Мама сидела в гостиной на кресле, читала «Работницу», держа ее вверх ногами, а на журнальном столике валялась изодранная упаковка цитрамона. Мама подняла на Александру с Федей затуманенные слезами глаза.
— Шли бы вы лучше погулять, свежей травки пощипать, — добрым голосом сказала она. — Дать вам на мороженое?
Все-таки нервы — загадочная вещь. Нажимаешь на разные душевные кнопки, и ничего не отзывается. А когда вообще ничего не успеешь сказать или сделать, оказывается, что все уже само отремонтировалось.
КАК НАСТУПИЛ ПОНЕДЕЛЬНИК, КАК ОН ПРОШЕЛ И ЗАКОНЧИЛСЯ
Наступил понедельник. Мама ушла на работу, а папу из квартиры не выпустила.
— Отпросись, — велела она ему. — Сантехников, слесарей, программистов и прочих ремонтников должен встречать мужчина. И разговаривать с ними по-мужски. Постарайся не допустить, чтоб они схалтурили.
Папа покорно взялся за телефонную трубку и принялся звонить к себе на работу. Когда он дозвонился, он сказал только:
— Можно, я сегодня не приду?
После этого он долго молчал и слушал, а потом положил трубку, вздохнул, и подвел итог разговору:
— На моей работе орденов не дают.
Федя и Александра категорически отказались идти в садик и в школу. Они должны были находиться дома, чтобы внимательно наблюдать, как будут программировать Полундру. Чтобы в случае механической поломки, зависания программ или бунта искусственного разума суметь самостоятельно привести робота в чувство.
Ремонтников ждали до обеда, потом после обеда. Самого обеда не случилось, потому что в кастрюлях и сковородках было пусто. Федя постоянно выглядывал в окно, надеясь увидеть, как по двору идут специалисты-программисты. Потом он стал выбегать в подъезд и прислушиваться к ступенькам: не поднимаются ли по ним долгожданные роботехники.

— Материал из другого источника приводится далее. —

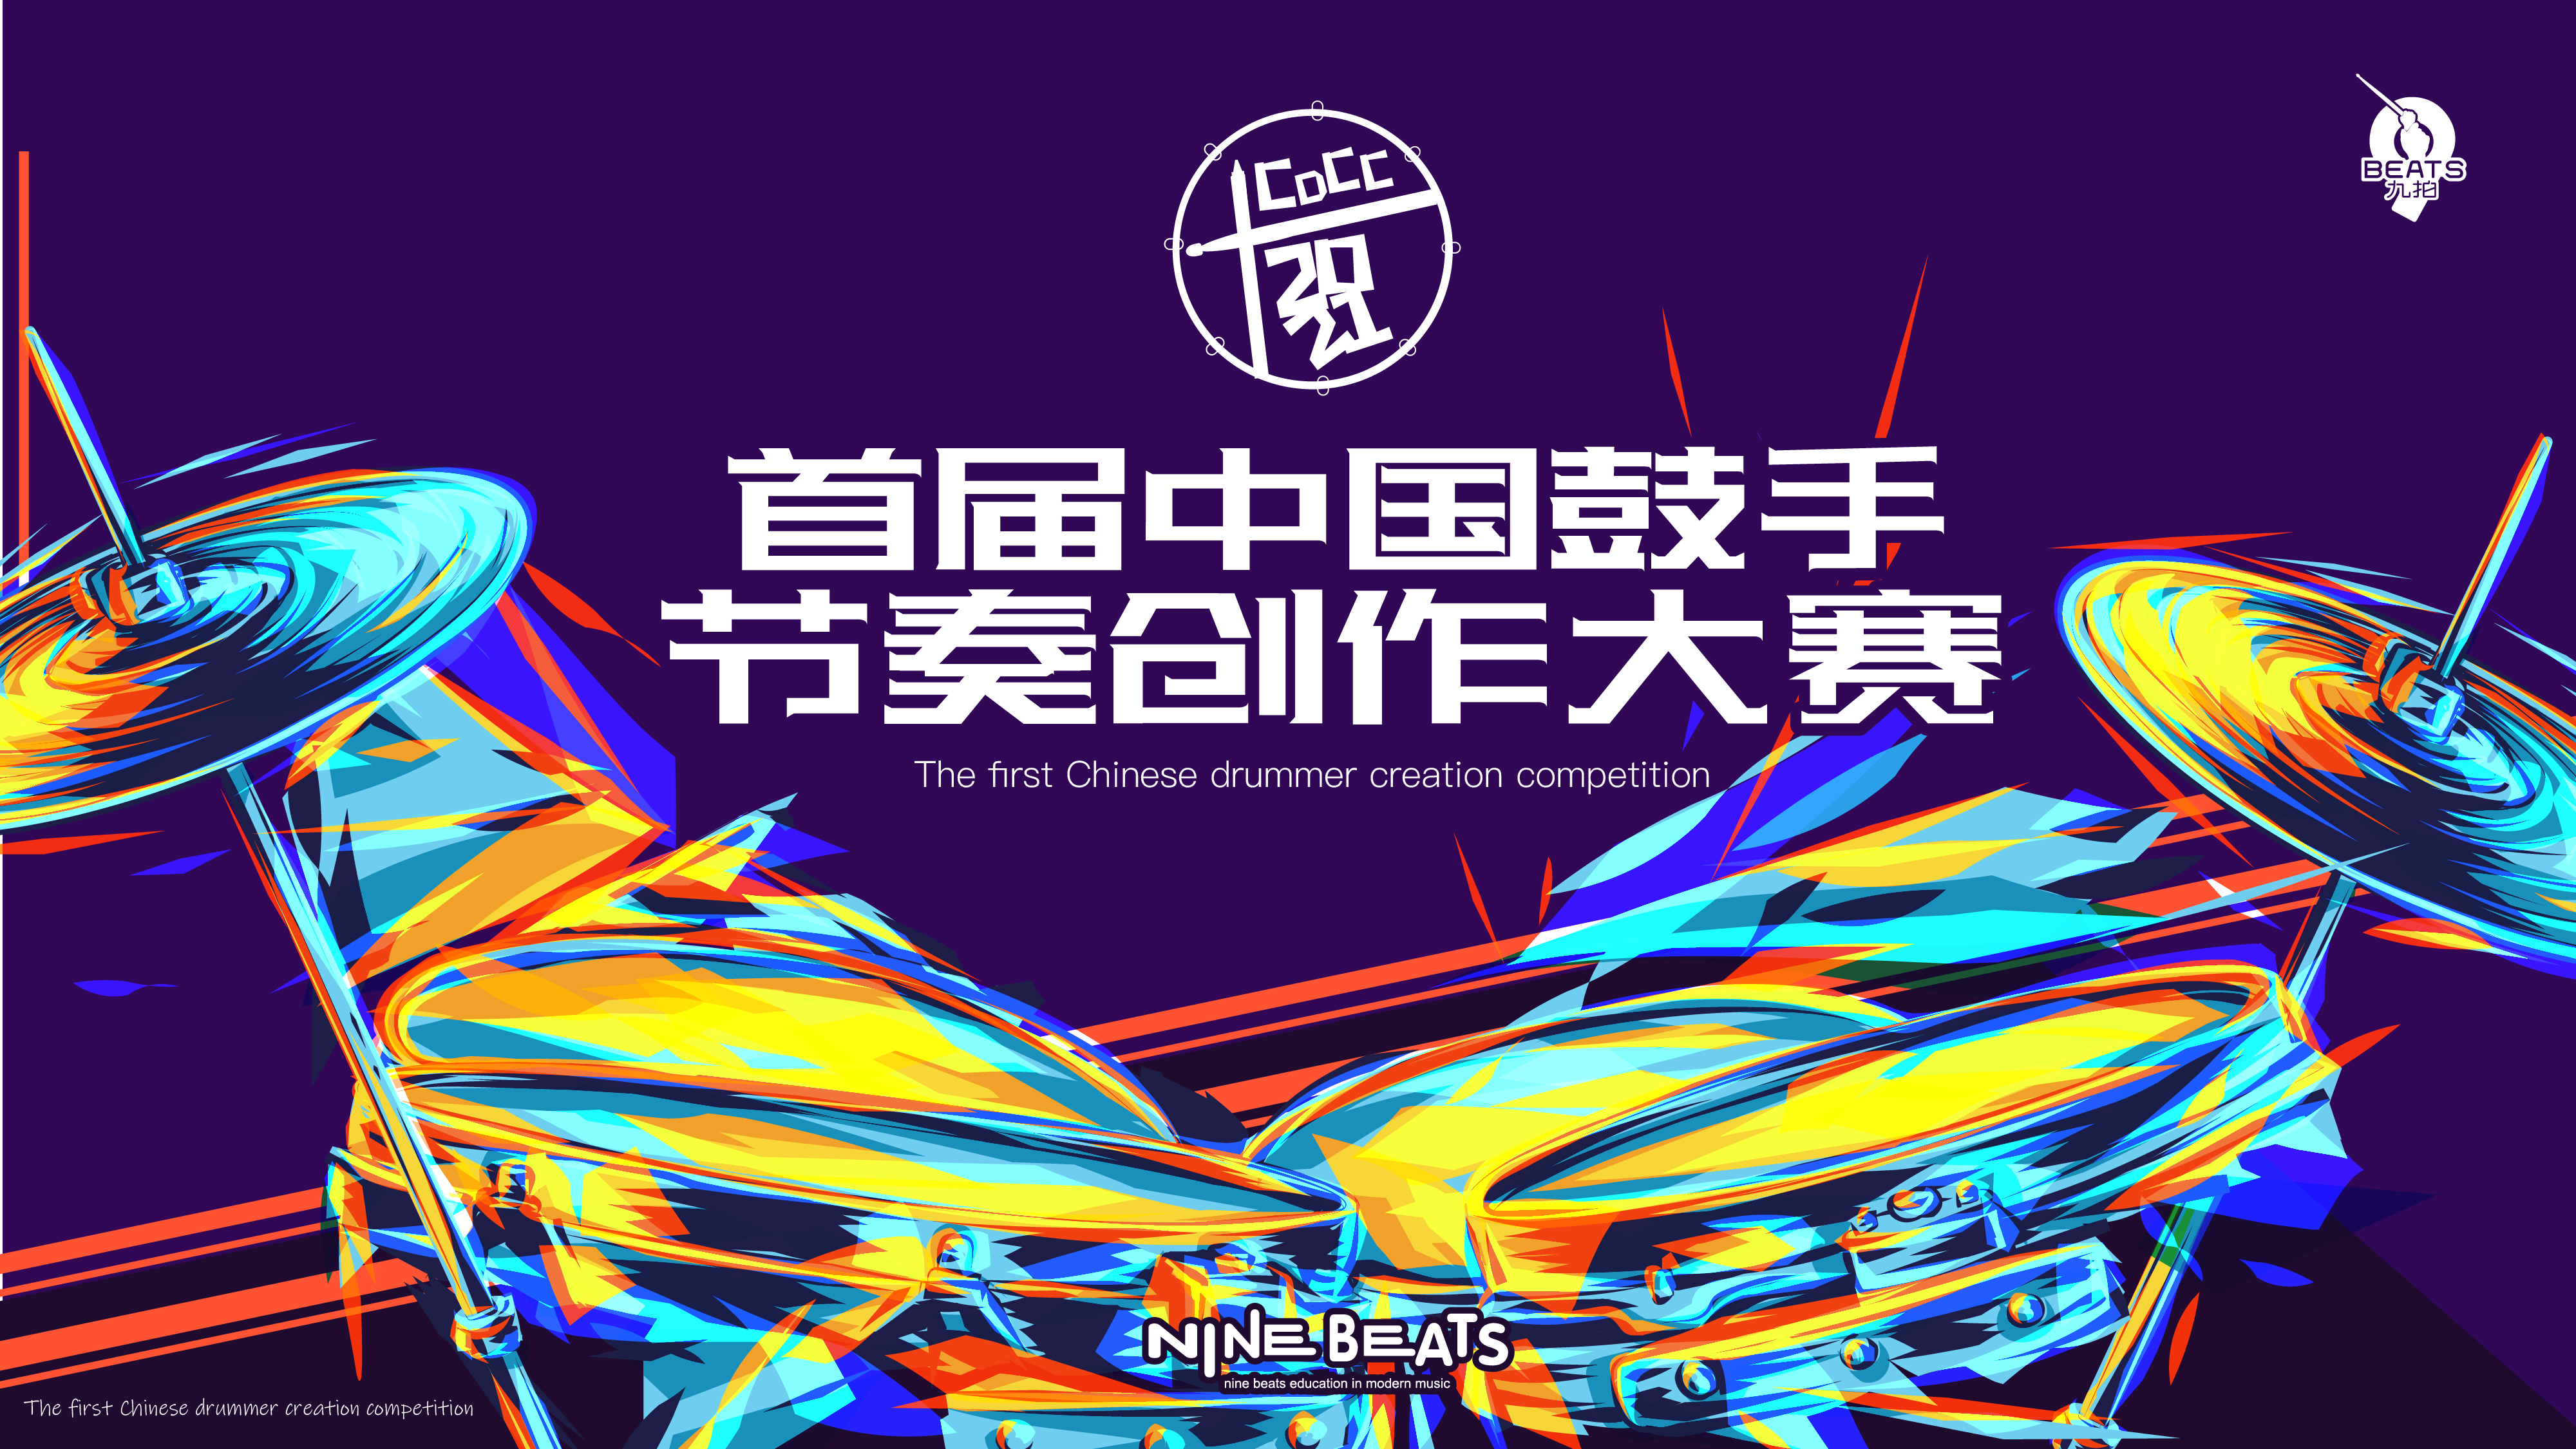 叮！您有一份邀請函待查收！2021 首屆中國鼓手節奏創作大賽來了~

Наконец, со своей работы пришла мама. Она отпросилась на часик пораньше, потому что чуяло ее сердце, без женского пригляда и хозяйской дотошности дело может кончиться плохо.
И сразу после мамы явились техники. Их было аж четверо. Они очень спешили.
Первый из них и, видимо, главный, не снимая ботинок прошел к прислоненному к коридорной стене Полундре и удивленно спросил:
— Это у вас что?
Папа побледнел. Мама порозовела, что очень ей шло.
— Это робот. Мы его в пятницу купили, — сумел, наконец, ответить на вопрос папа.
Главный роботехник наклонился, упер руки в колени и довольно долго рассматривал Полундру. Потом осторожно потрогал пальцем его темно-серебристый корпус.
— Бывает же, — подвел он итог осмотру.
Тут решил высказать свое мнение второй специалист.
— Это робот-пианист, — уверенно сказал он. — Нам такого на курсах повышения квалификации показывали. Исполняет музыку до эпохи импрессионизма включительно.
Мама из розовой стала насыщенно красного цвета. Папа сделал шаг назад. А Александра обиделась, потому что решила, будто уверенный роботехник специально употребляет сложные слова и тем самым подвергает сомнению ее логопедические успехи и улучшения.
— Не думаю, — неуверенно заметил третий роботехник. — Кажется, это специальная модель подводного диверсанта. Нечто подобное встречалось мне в узкоспециализированном журнале «Уникальные и парадоксальные боевые роботы». Но вы, граждане, не бойтесь. Главное, не давать ему в руки гарпун. Зато роботы этой модели, как я слышал, совершенно водонепроницаемые и могут погружаться на глубину до трех километров, хотя за достоверность этих слухов не ручаюсь.
А четвертый, самый неглавный настройщик роботов нехорошим голосом засмеялся и заявил:
— Видно же, что самовар. Его шишками топят.
Таким образом, роботехники дали понять хозяевам, что активировать данного малоизвестного науке робота вряд ли удастся. Потребуется эксклюзивная работа. Федя попытался запомнить слово «эксклюзивная», но вместо этого только кашлянул, а потом икнул.
— Ах, вот как, — тоном, не обещающим ничего хорошего, сказала мама. — В таком случае забирайте вашего подводного импрессиониста и возвращайте нам деньги.
— Ага, — тут же согласился главный роботехник. — Сейчас. Только дайте-ка нам сначала товарный чек и гарантийный договор с пятью треугольными штампами и двумя круглыми печатями.
Мама перевела взгляд на папу. Папа попытался слиться с рисунком на обоях, но мама тут же отбила у него охоту к мимикрии.
— Опять! — воскликнула она. — Чем ты думал? Где были твои глаза? Тебе вообще можно что-нибудь поручить? За что я такая несчастная? Когда это кончится?